- Born: February 3, 1939
- Scientific career
- Fields: botanist and taxonomist; mycologist and lichenologist
- Institutions: Botanische Staatssammlung München, Munich (Germany)
- Thesis: On calcicolous species of Lecidea (1967)
- Doctoral advisors: Josef Poelt
- Author abbrev. (botany): Hertel

= Hannes Hertel =

German lichenologist, botanist and taxonomist

Hannes Hertel is a German lichenologist and taxonomist and was Director of the State Herbarium in Munich, Germany 1992–2004. His specialist areas are the fungi and lichens.

==Early life and education==
Hannes Hertel was born in 1939. His doctorate was awarded in 1967 for work on members of the lichen genus Lecidea that thrive on lime rich rocks and sites. This was undertaken under the guidance of Josef Poelt.

==Career==
He was appointed to an academic post at University of Berlin in 1972 but in 1973 he moved to Munich to take up the post of curator at the State Herbarium in Munich. He became the provisional director from 1985 to 1992 and was then confirmed as Director and remained until his retirement in 2004. His specialist area was the taxonomy of lichens, and especially the genus Lecidea that he had first studied for his doctorate. He and students that he supervised brought order and a critical review of the 1000 accepted and 4000 published names within the genus in the early 1970s. Hannes Hertel was editor of two exsiccata series: Lichenes Alpium et regionum confinium and Lecideaceae exsiccatae.
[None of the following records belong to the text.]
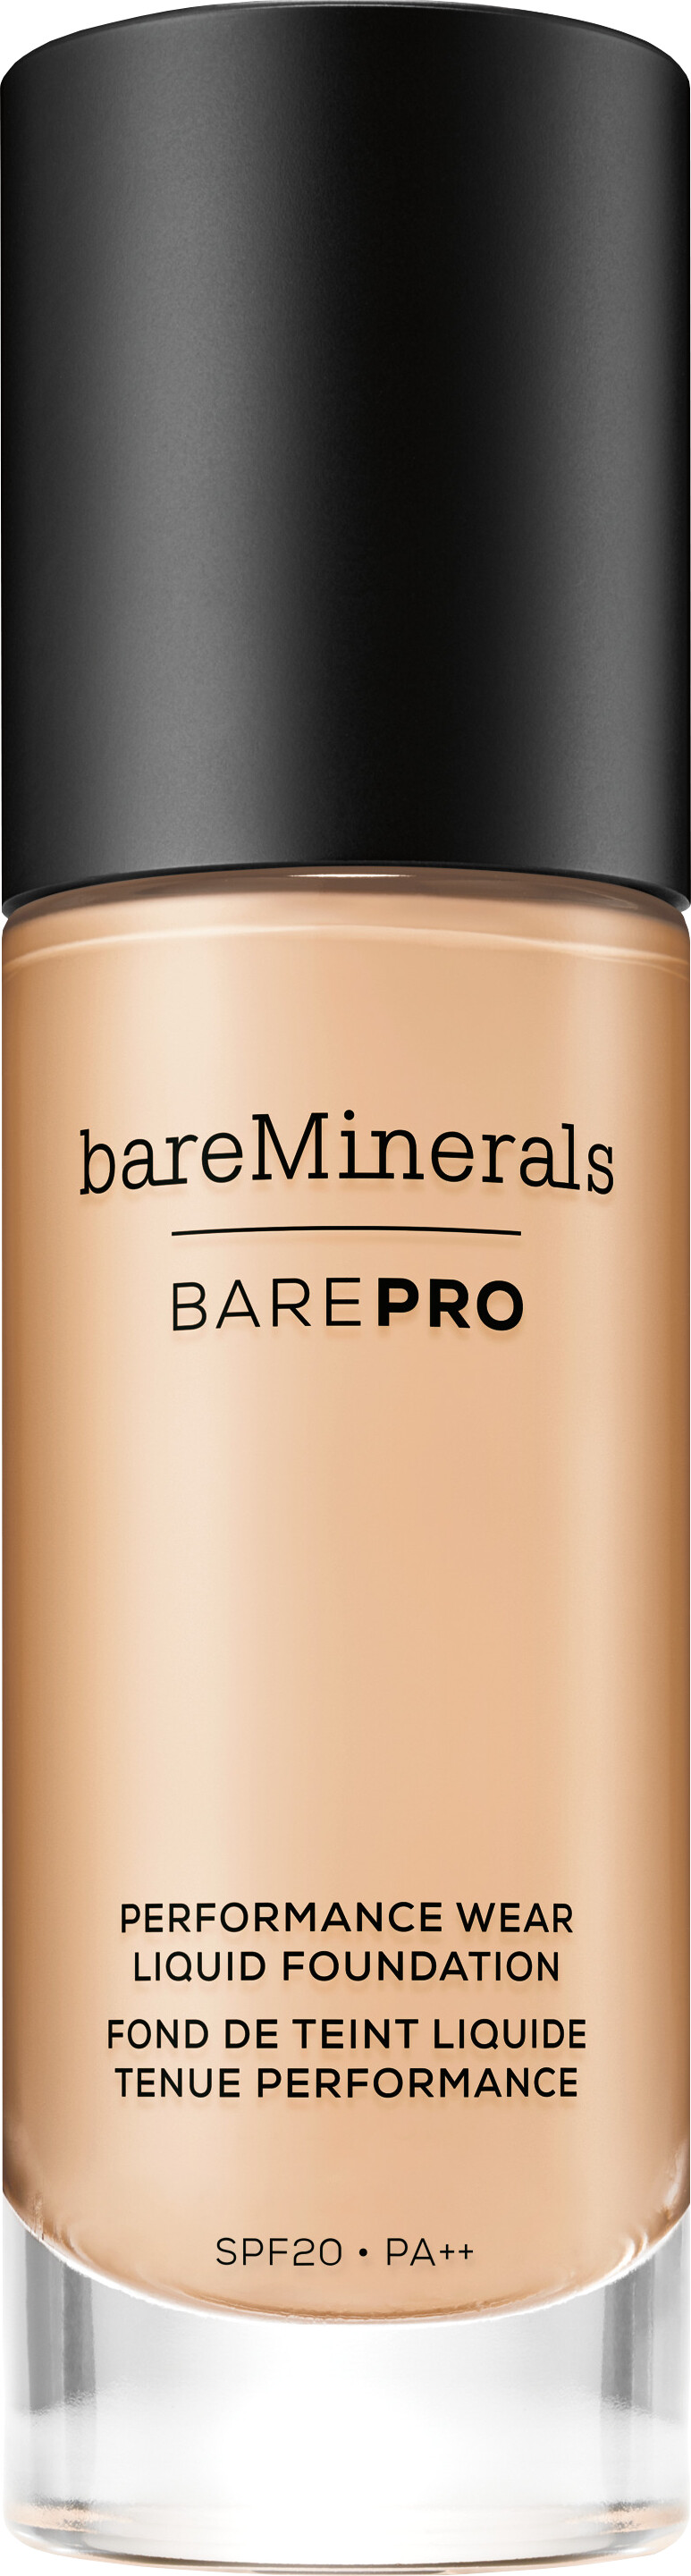 bareMinerals BAREPRO Performance Wear Liquid Foundation SPF20 30ml 02 - Ivory
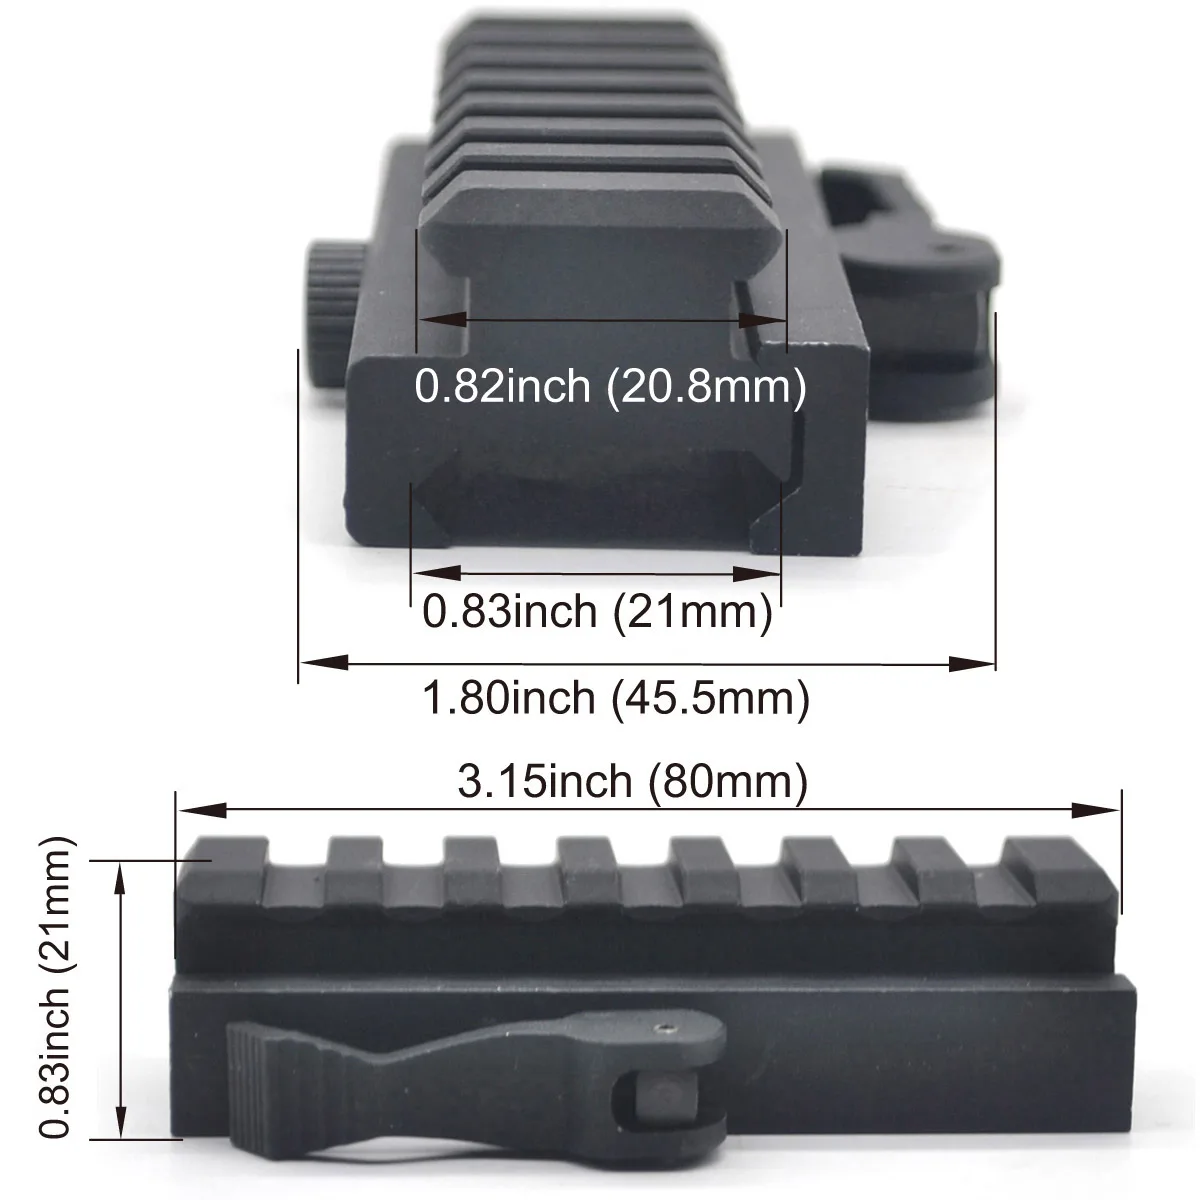 Aplus Quick Detachable Tactical optional 5, 7, 9 slots Picatinny Riser Scope Lever Mount Base Adapter fits 20mm rails - Black
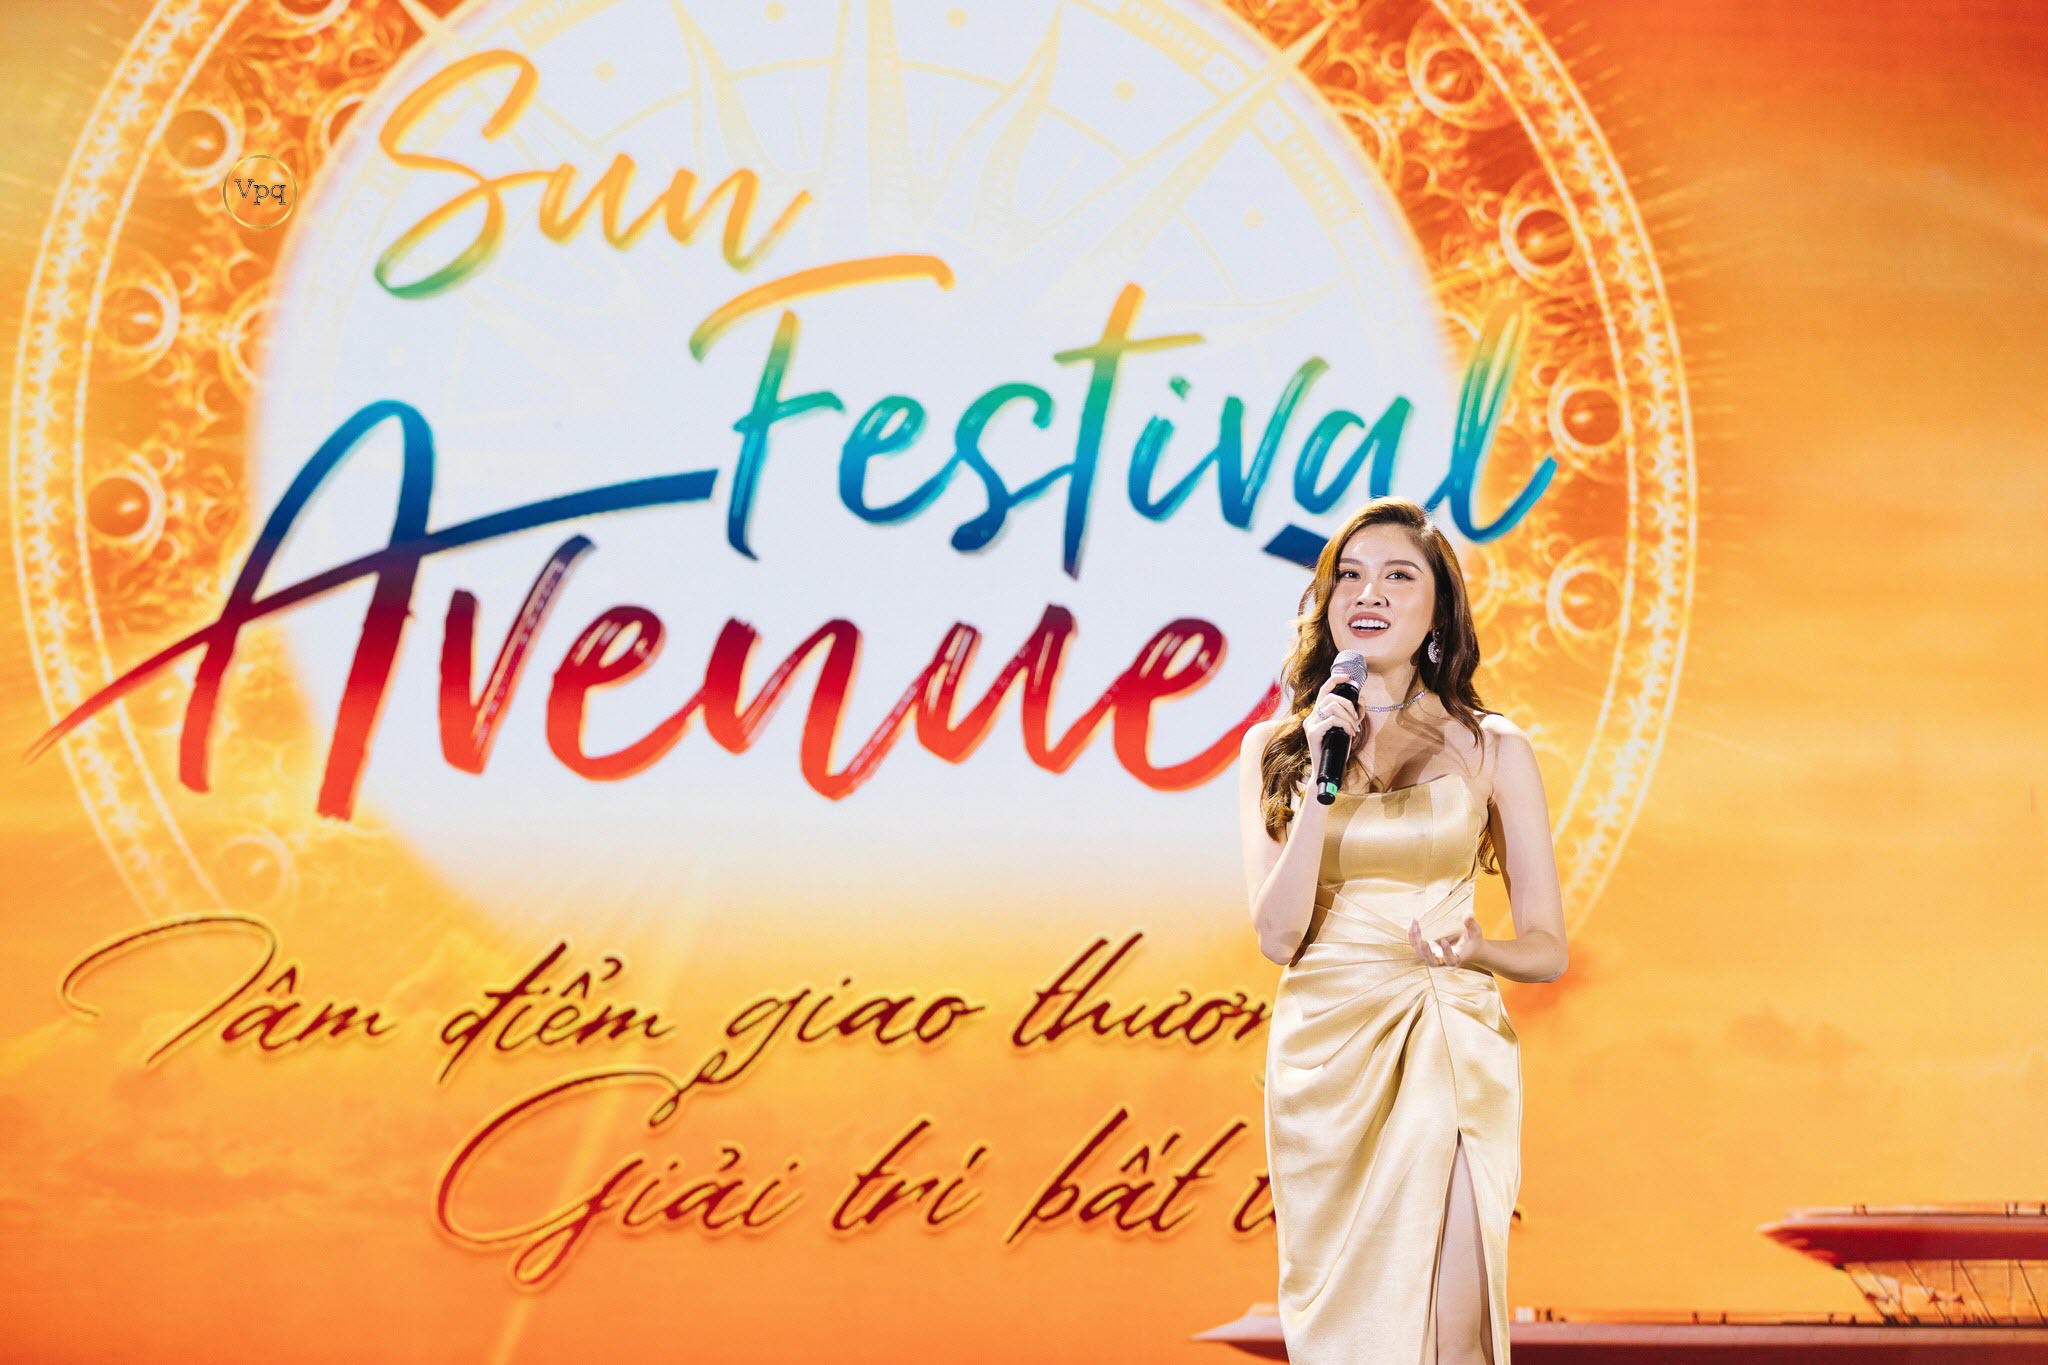 Sun Festival Avenue -Tâm điểm giải trí giao thương bất tận

The State Herbarium in Munich contains the lichen collection of Ferdinand Christian Gustav Arnold, 100,000 - 150,000 specimens collected in the nineteenth century. Hertel made a particular effort to transcribe the detailed labels from Arnold's handwriting that was difficult to read and ensured this was published so that the collection could be more easily used by others.

==Publications==
Hertel is the author or co-author of several books and scientific publications. They include:

- Peter Dobbeler and Hannes Hertel (2013) Bryophilous ascomycetes everywhere: Distribution maps of selected species on liverworts, mosses and Polytrichaceae. Hertzogia 26 (2) pp361-404

- J Hafellner, H Hertel, G Rambold and E Timdal (1994) Lecanorales pp 379-387 in Ascomycete Systematics: Problems and perspectives in the nineties ed. D L Hawksworth, NATO Advanced Science Institutes Series, Series A, Life Sciences. Plenum Press, New York.

- Edited by Hannes Hertel and Franz Oberwinkler (1985) Festschrift J. Poelt Nova Hedwigia Beihefte Verlag: Lubrecht & Cramer Ltd. ISBN 9783768254793

==Honours and awards==
In 2004 a Festschrift was held on his 65th birthday to celebrate his contributions to lichenology. Hertel was awarded the Acharius Medal for his lifetime's work that has made an outstanding contributions to lichenology in 2008.

Several genera have been named after Hertel, including Hertelidea Printzen & Kantvilas (2004), Herteliana P.James (1980); and Hertella Henssen (1985). Many species have also been named to honour Hertel. These include: Biatora hertelii Printzen & Etayo (1998); Caloplaca hanneshertelii S.Y.Kondr. & Kärnefelt (2004); Caloplaca hertelii Søchting, Øvstedal & Sancho (2004); Carbacanthographis hertelii Kalb & Staiger (2004); Carbonea herteliana Hafellner & Matzer (1999); Carbonea hertelii Knoph (1999); Cornutispora herteliana Knoph (2004); Homostegia hertelii D.Hawksw., V.Atienza & M.S.Cole (2004); Lecanora herteliana Calat. & Barreno (2000); Lecidea herteliana Fryday & Coppins (2012); Lecidella herteliana Knoph & Leuckert (1994); Lobaria hertelii Sipman (2004); Placopsis hertelii D.J.Galloway (2004); Porpidia herteliana Gowan (1989); Rinodina herteliana Kaschik (2006); Roccella hertelii Mies & M.Schultz (2004); Sphagnum hertelianum H.Crum (2002); and Trapelia herteliana Fryday (2004).